Abstract

Biomass is one of the most efficient renewable energy sources to increase energy security and reduce the environmental issues. It could be utilised as back-up or main source of energy in off-grid remote northern communities of Canada, which are currently rely on fossil-fuels. However, small scale of energy demand, necessity of continuous energy supply, and spatial dispersion of such remote communities restrict the competitiveness and efficiency of bioenergy.
Managing bioenergy supply chain from supplying biomass to conversion facilities is vital to overcome the challenges in expanding bioenergy production. In this sense, forming collaboration among the entities plays a key role to improve the economy of scale and efficiency of bioenergy production. In the literature, several coordination strategies resulted in varying impacts on entities’ profit or cost. As such, analyzing and comparing them in various conditions could assure selecting the most efficient one. This study recommends quantity discounts and cost-sharing coordination policies to promote the biomass level at communities in a cost-efficient manner through establishing bundling orders and benefiting the lower cost.

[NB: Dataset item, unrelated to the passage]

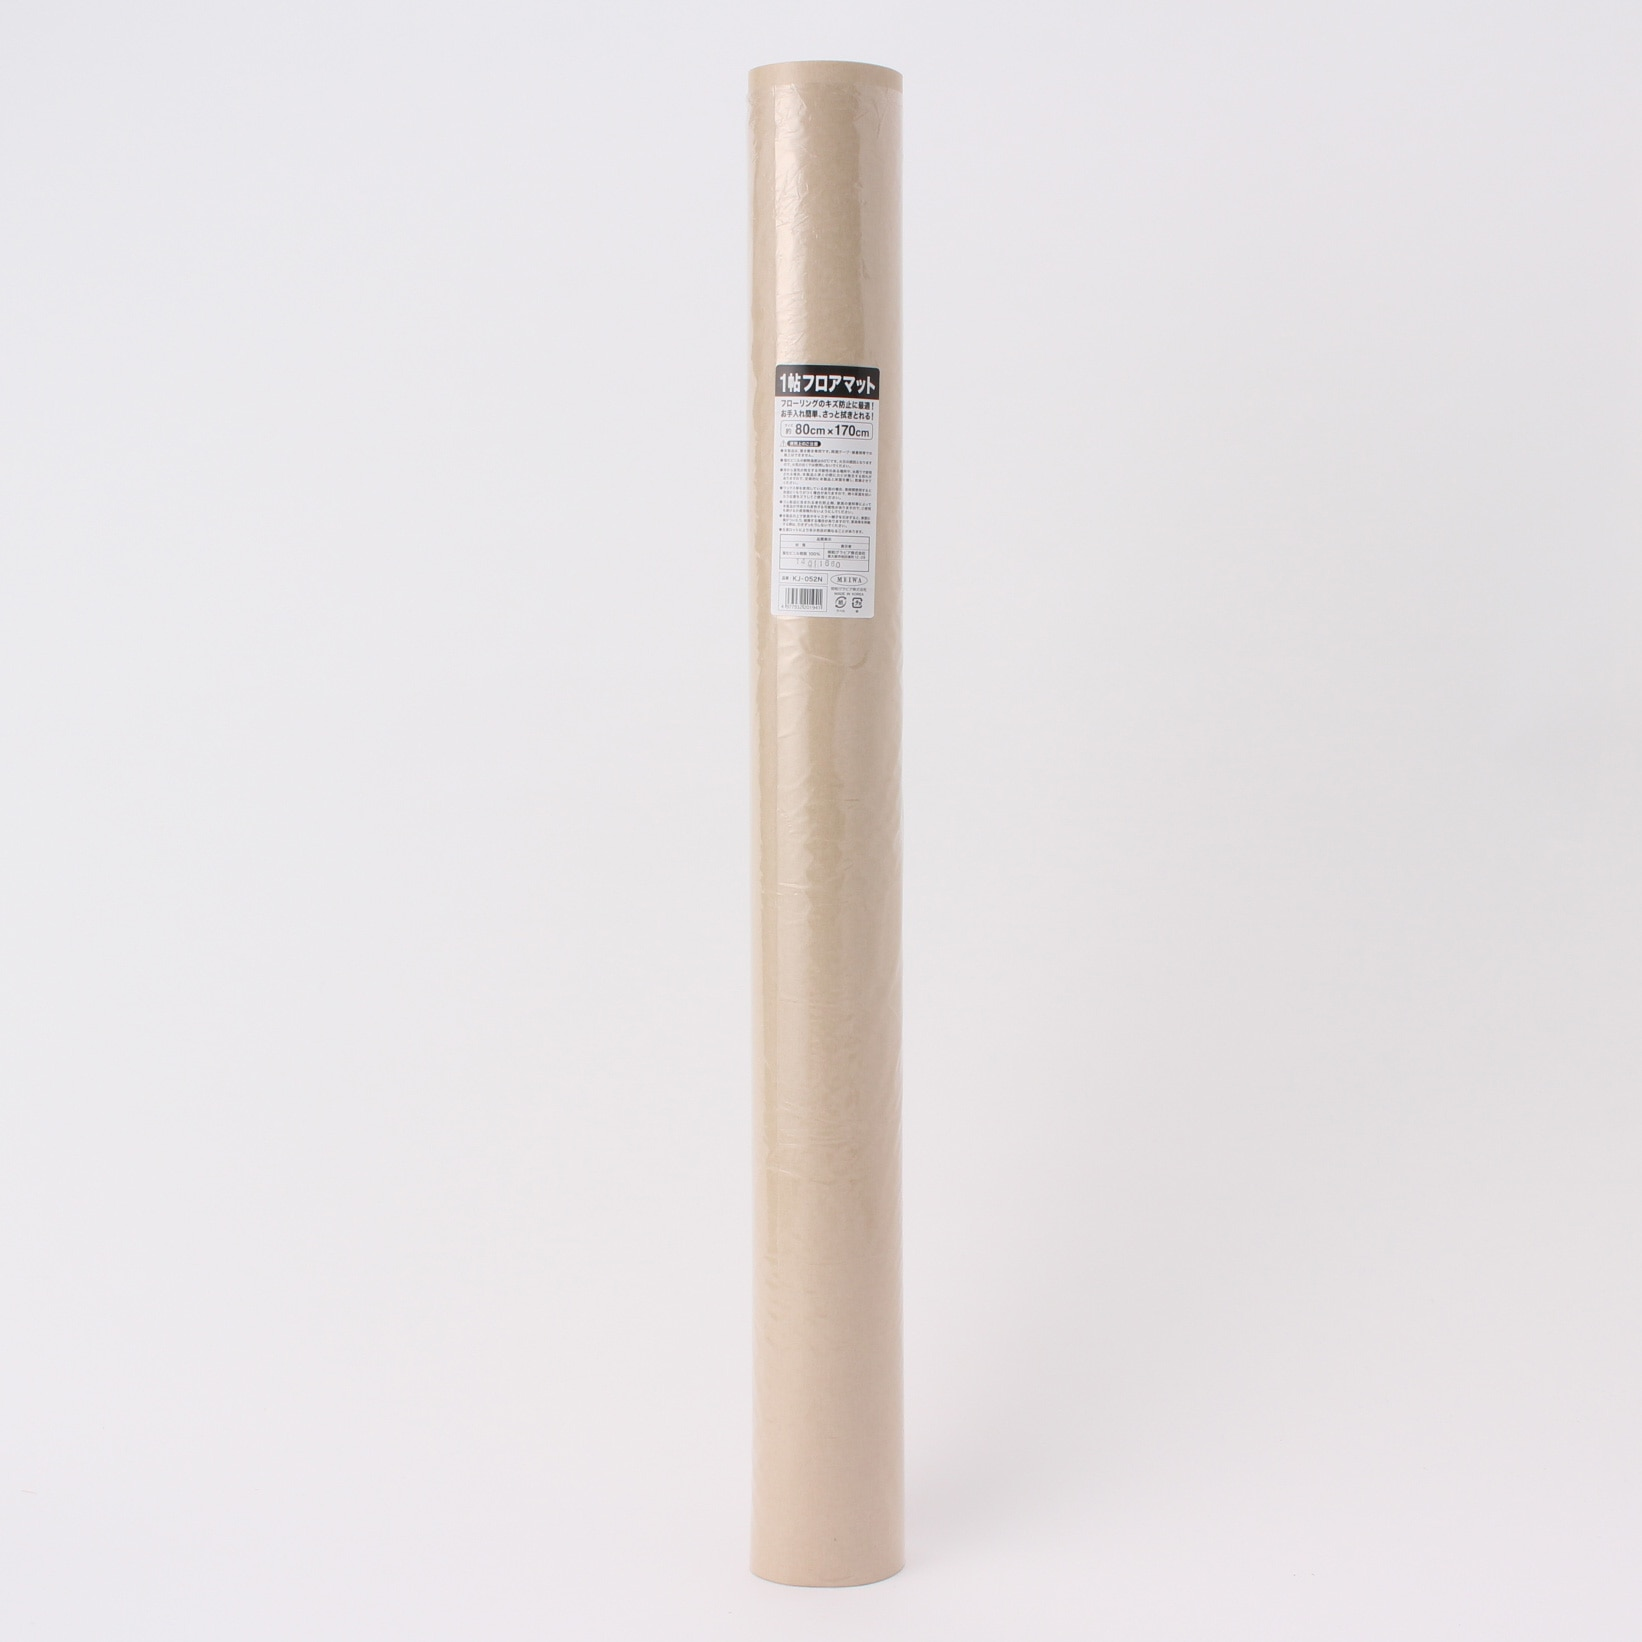 1帖フロアマット KJ−052N ベージュ 80cmx170cm
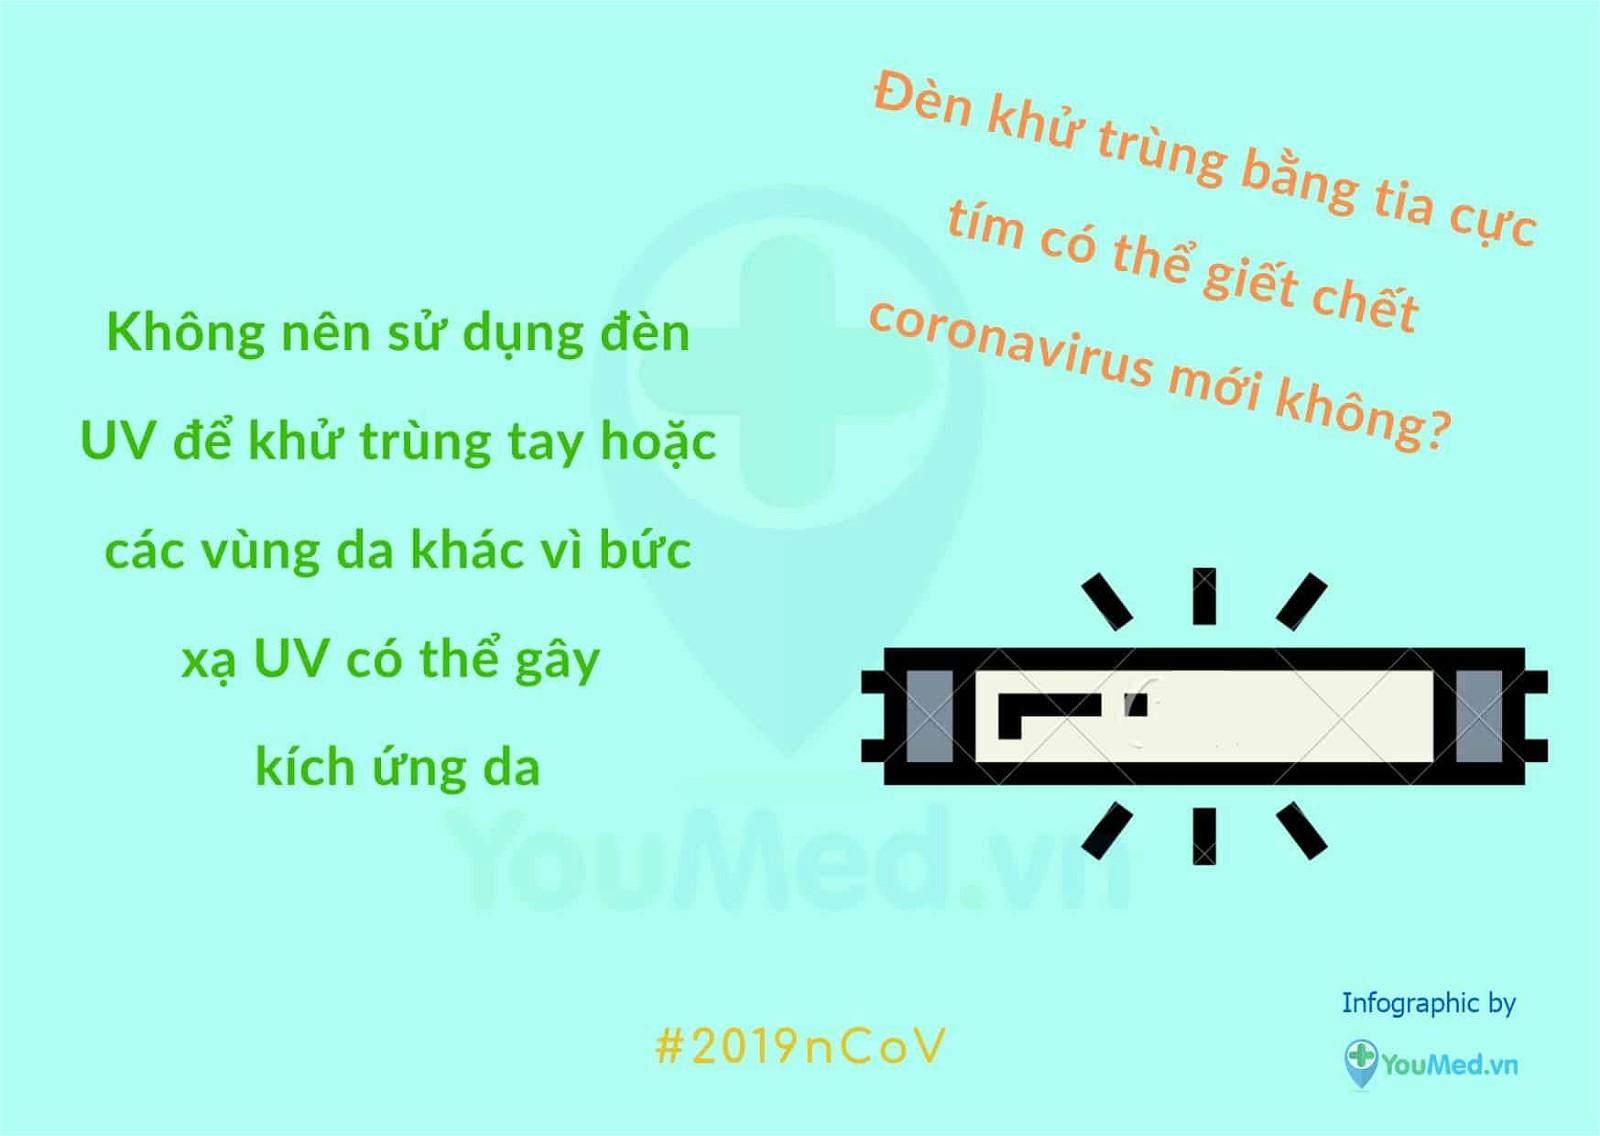 Infographic: Giải đáp thắc mắc về bệnh Covid-19 từ WHO bằng hình ảnh

This dissertation employs a system dynamics approach to simulate coordination scenarios and make the optimal decisions in a biomass supply chain including suppliers, hubs, and end-user. On that basis, performing a comparative analysis under various conditions and assumptions provide insights into the impact of coordination and selecting the preferred choice of coordination strategy for each player. The simulation-based optimization model is applied to a bioenergy supply chain case study in Canada’s off‐grid northern communities. The results of this research point to a significant role of coordination in improving the cost efficiency as well as the level of biomass-based energy production.